# Hay Storage



## goatshows (Oct 5, 2007)

I have a small farm in New England and need a hay storage idea. I want something that is temporary so that i don't need a permit but will hold about 100 bales of hay. How do you store your hay?


----------



## happybleats (Sep 12, 2010)

Pallets and tarps.


----------



## AmyBoogie (May 20, 2013)

^^ that. I'm in Maine and that's how we do it.


----------



## Gunsmith48 (Jan 27, 2013)

My wife and I use Rhino shelters . They are heavy duty & hold up to the Colorado snow & wind. We use an 8x8ft as our hay storage, we use wood pallets to keep the bottom bales dry. It has been perfect for protecting our hay. We also have a 12x12 we use as our doe barn. They holdup to uv and weather. They are relativity easy to move, pull the roof,sides & disassemble frame move it to a new spot reassembly. Use four new ground anchors & cables; you are in business. I can sends some pics if you want. http://www.rhinoshelters.com/ I don't sell this product or have any other interests in the company. I was turn onto this product from a friend of mine who raises alpacas. She love them & I have had mine for two years.


----------



## LGFarm (May 30, 2013)

I would look into the rhino shelters. We have a couple of guys around us that use them for their hay and they seem to hold up. We do the tarp and skid thing too, but the tarps do not survive our wind (that is the first hay we use, so that it is gone by the end of December, beginning of January, before the real winds start), so we are annually replacing tarps. We are looking to move in the next year or so, so we aren't interested in investing more into something we are hoping not to need at the next place.


----------



## J.O.Y. Farm (Jan 10, 2012)

We use a shelter logic tent to store ours in.. It has over 100 bales in it and it works great  we put a trap on the ground and then put pallets down and stacked the hay on the pallets 

We can fit about 150 bales in here, but, if we had stacked the first load better we could fit more 
You just have to be sure you get the snow off the roof in the winter


----------



## OakHollowRanch (Jun 6, 2013)

We keep up to 12 bales in the corner of our barn.


----------



## KW Farms (Jun 21, 2008)

Good quality tarps.
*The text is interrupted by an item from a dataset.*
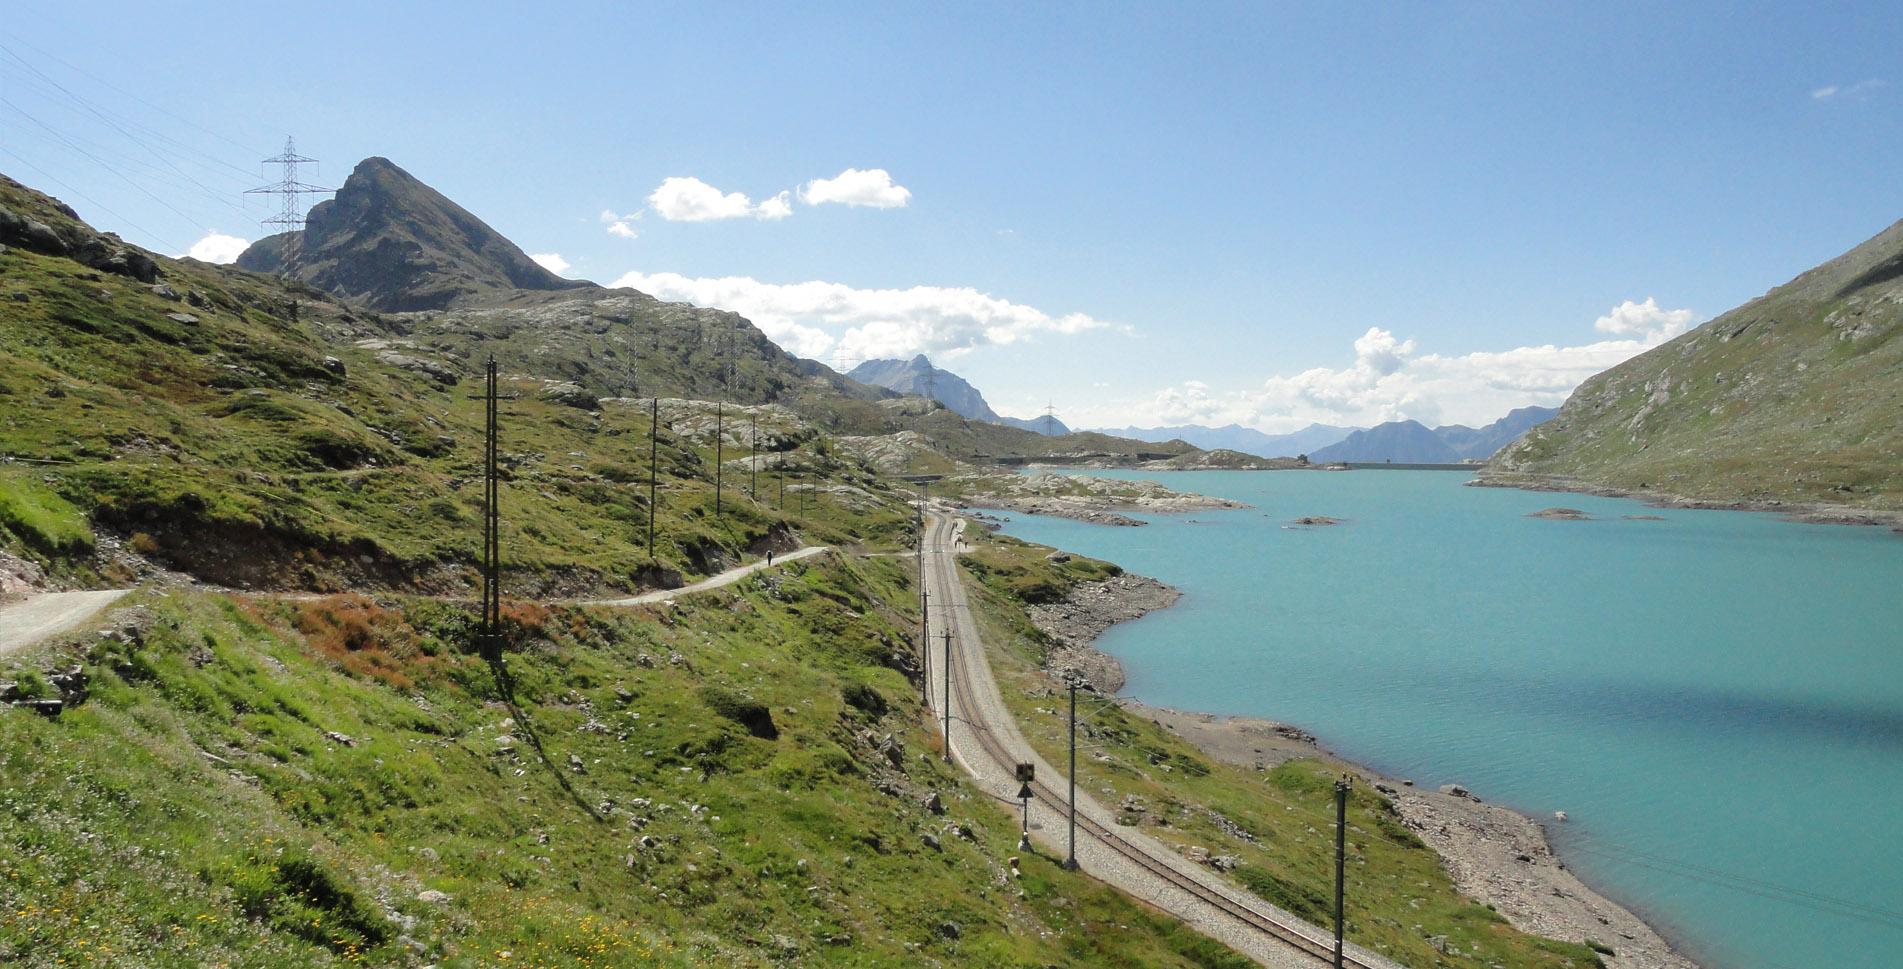 Wanderung vom Berninapass / Ospizio Bernina am Lago Bianco entlang zum Sassal Masone mit herrlichem Blick auf den Palügletscher und weiter zur Alp Grüm im Valposchiavo, wo man einen Abstecher zum Ristorante Belvedere einlegen kann

Pallets underneath will help prevent moisture from getting to those bottom bales.


----------



## toth boer goats (Jul 20, 2008)

In a barn and have the hay up on pallets.


----------



## hallsthirdacrefarm (Mar 30, 2011)

used *plastic* snap together mini barns / sheds from craigslist....we wait until we find one for $100-$150, usually about 8 by 12...andt hen put the hay on pallets. We use these as kidding pens too...but we have a small herd. We could probably get 30-50 bales in one depending on size.


----------



## Gunsmith48 (Jan 27, 2013)

This is a picture our shelter after the last storm of the season about the middle of May. It was a little storm only 6-8 inches of the heavy wet stuff. It held up again anything that mother. We had some 70 mph winds during the Spring. The UV is a major problemrmajo


----------



## Gunsmith48 (Jan 27, 2013)

Gunsmith48 said:


> This is a picture our shelter after the last storm of the season about the middle of May. It was a little storm only 6-8 inches of the heavy wet stuff. It held up again anything that mother. We had some 70 mph winds during the Spring. The UV is a major problem to any made of plastic. We live about 7,800 ft above see level, plastic tarps last 3-4 months. We have had ours 2 yrs. have see any beak down of the rubber coating.


----------



## Trickyroo (Sep 26, 2012)

Gunsmith48 said:


> Gunsmith48 said:
> 
> 
> > This is a picture our shelter after the last storm of the season about the middle of May. It was a little storm only 6-8 inches of the heavy wet stuff. It held up again anything that mother. We had some 70 mph winds during the Spring. The UV is a major problem to any made of plastic. We live about 7,800 ft above see level, plastic tarps last 3-4 months. We have had ours 2 yrs. have see any beak down of the rubber coating.
> ...


----------



## NyGoatMom (Jan 26, 2013)

We keep 30 bales in a corner of the garage on pallets


----------